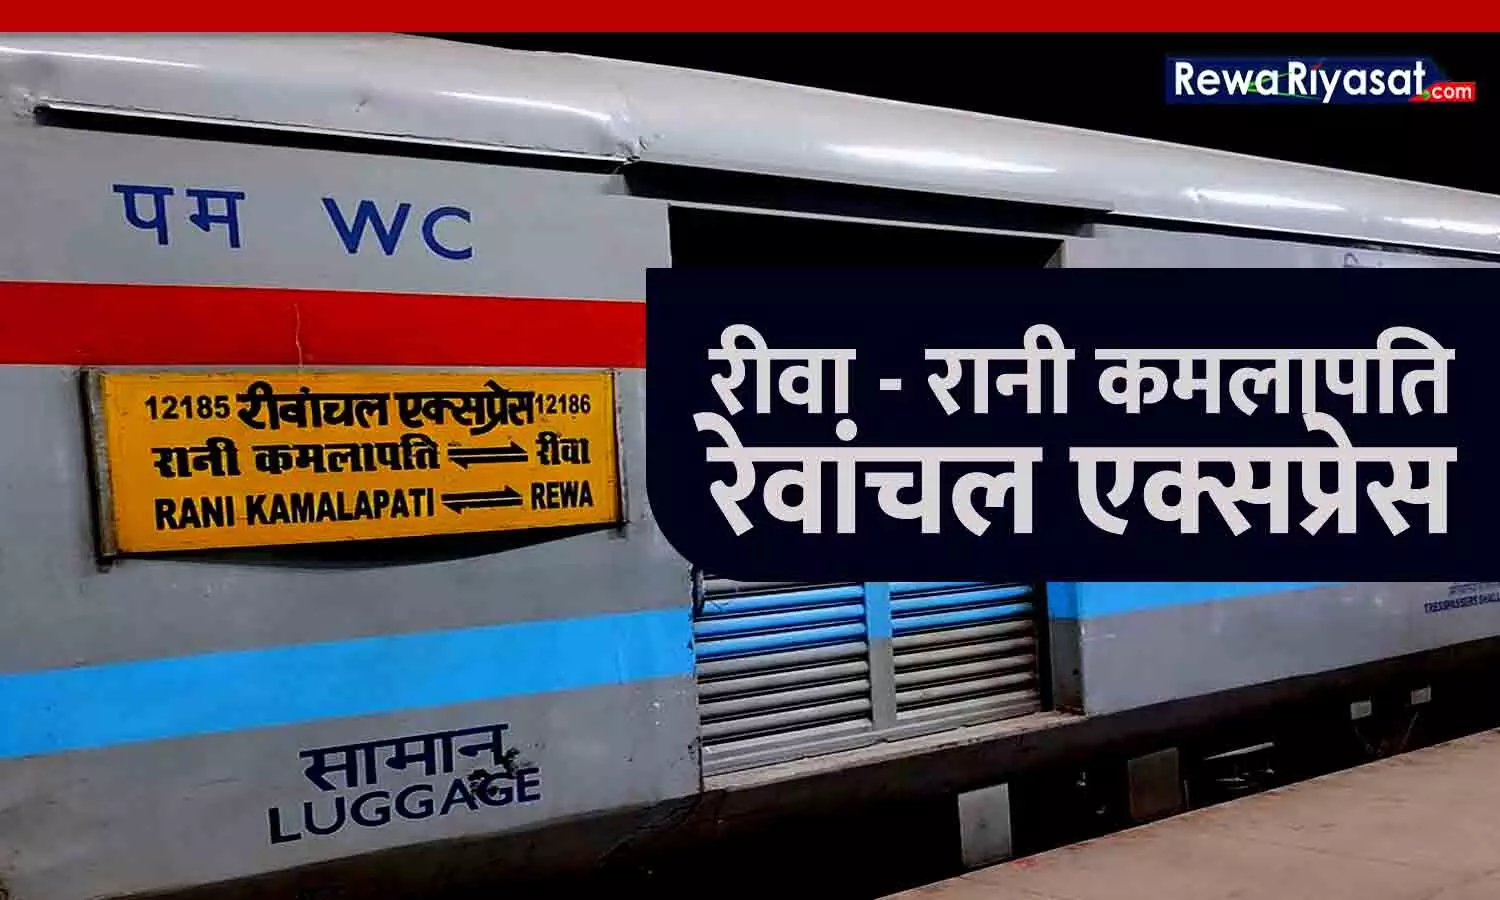 Rewa Railway News: रीवा-रानी कमलापति स्टेशन के बीच समर स्पेशल ट्रेन 20 से चलेगी
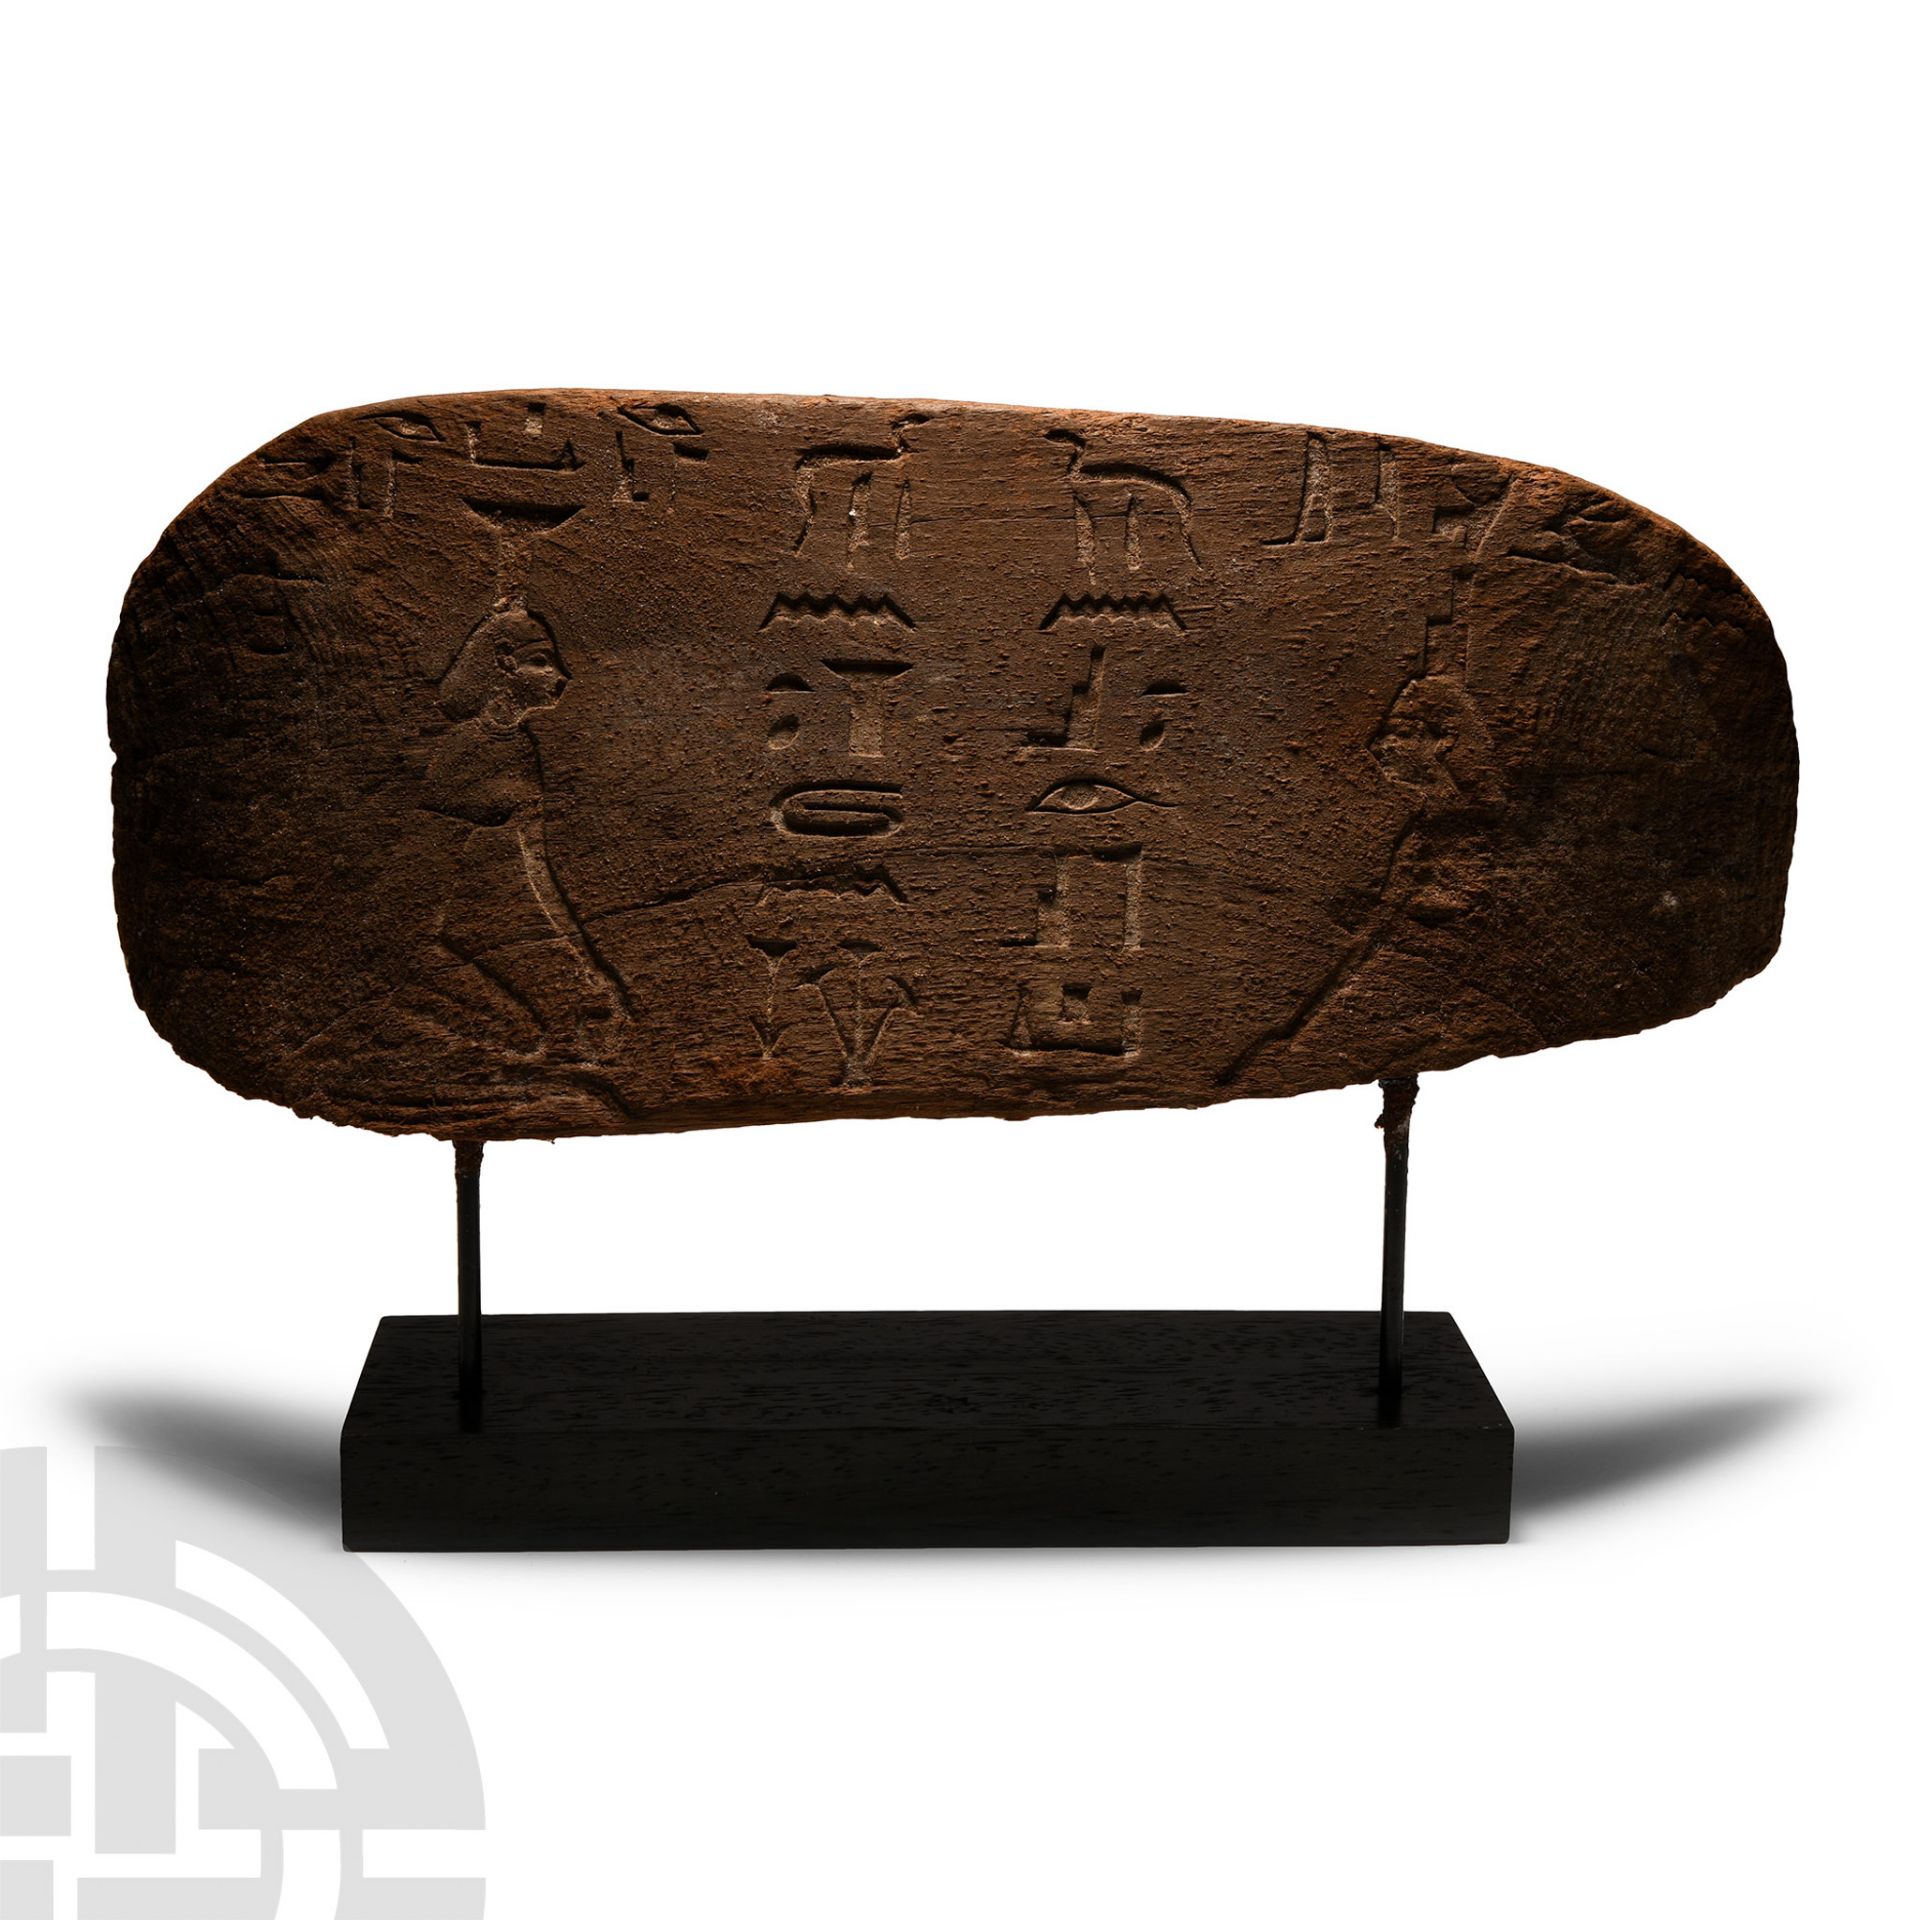 Egyptian Wood Panel with Hieroglyphs for Padi-Wsir
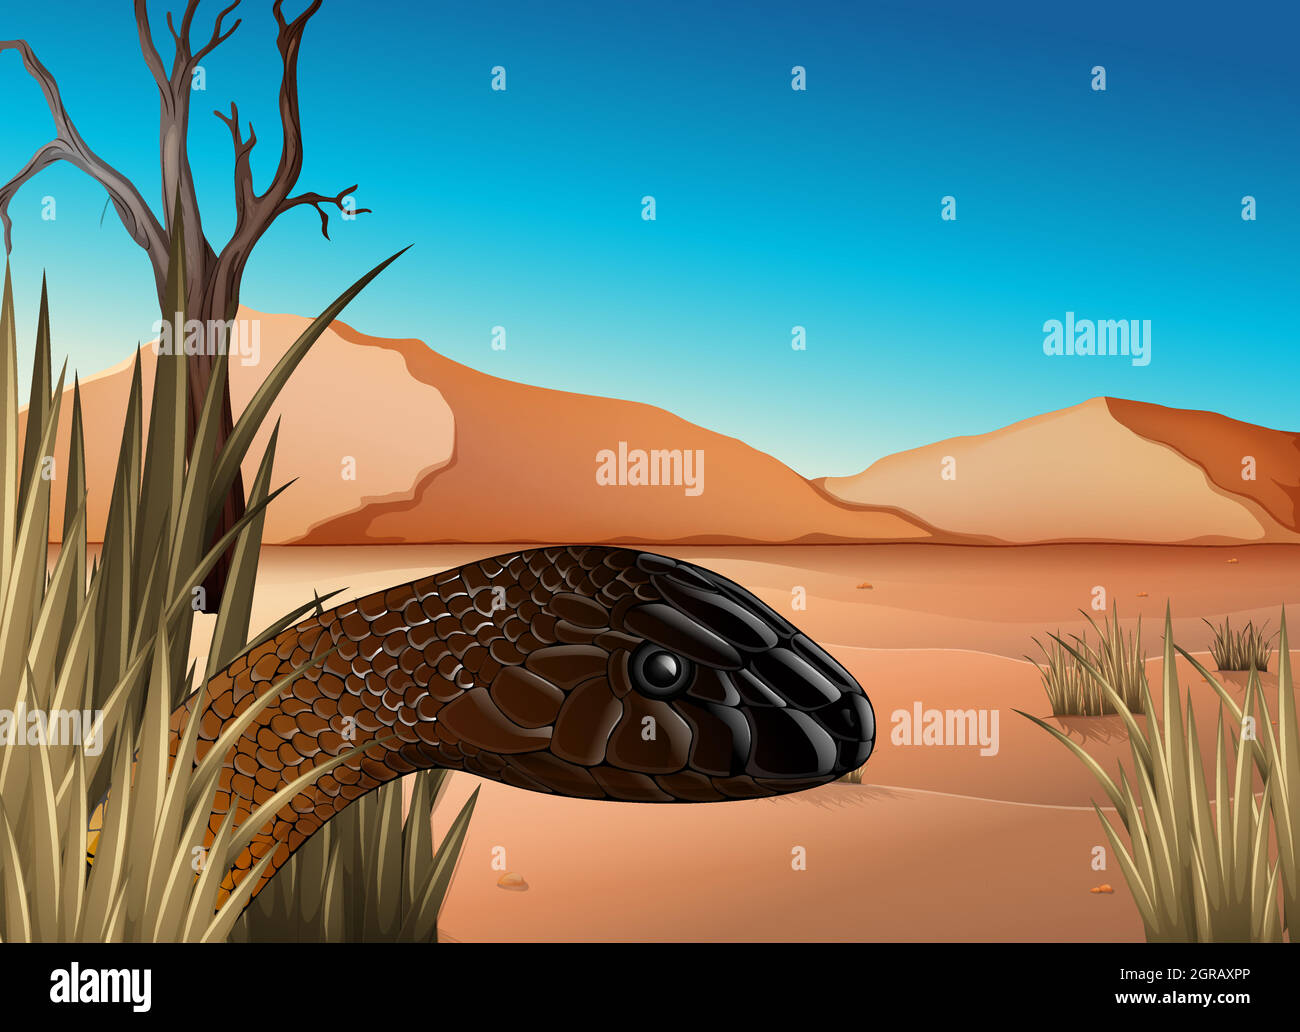 Ein Reptil in der Wüste Stock Vektor
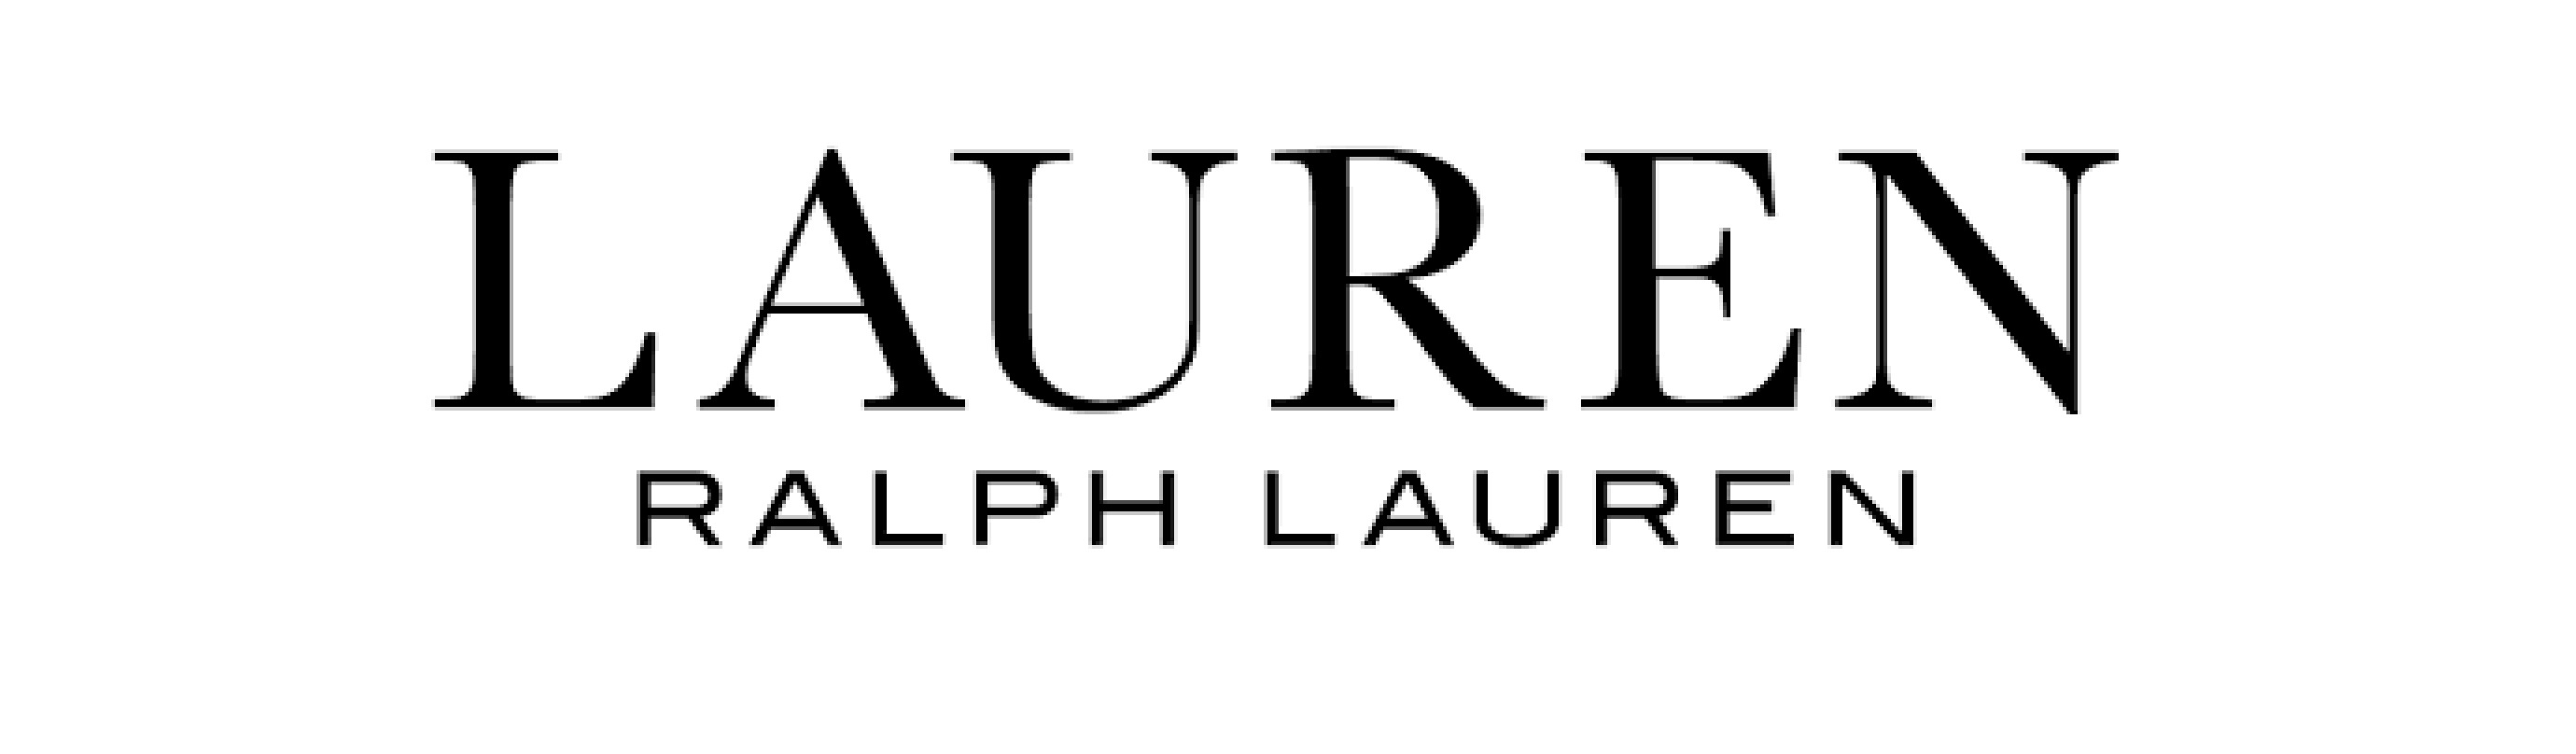 LAUREN RALPH LAURENロゴ

**Work request**
Leave every picture out. Retype the remaining data exactly.

**Solution for this task**
 Rewa Railway News: रीवा-रानी कमलापति स्टेशन के बीच समर स्पेशल ट्रेन 20 से चलेगी
 Egyptian Wood Panel with Hieroglyphs for Padi-Wsir
 Ein Reptil in der Wüste Stock Vektor
 LAUREN RALPH LAURENロゴ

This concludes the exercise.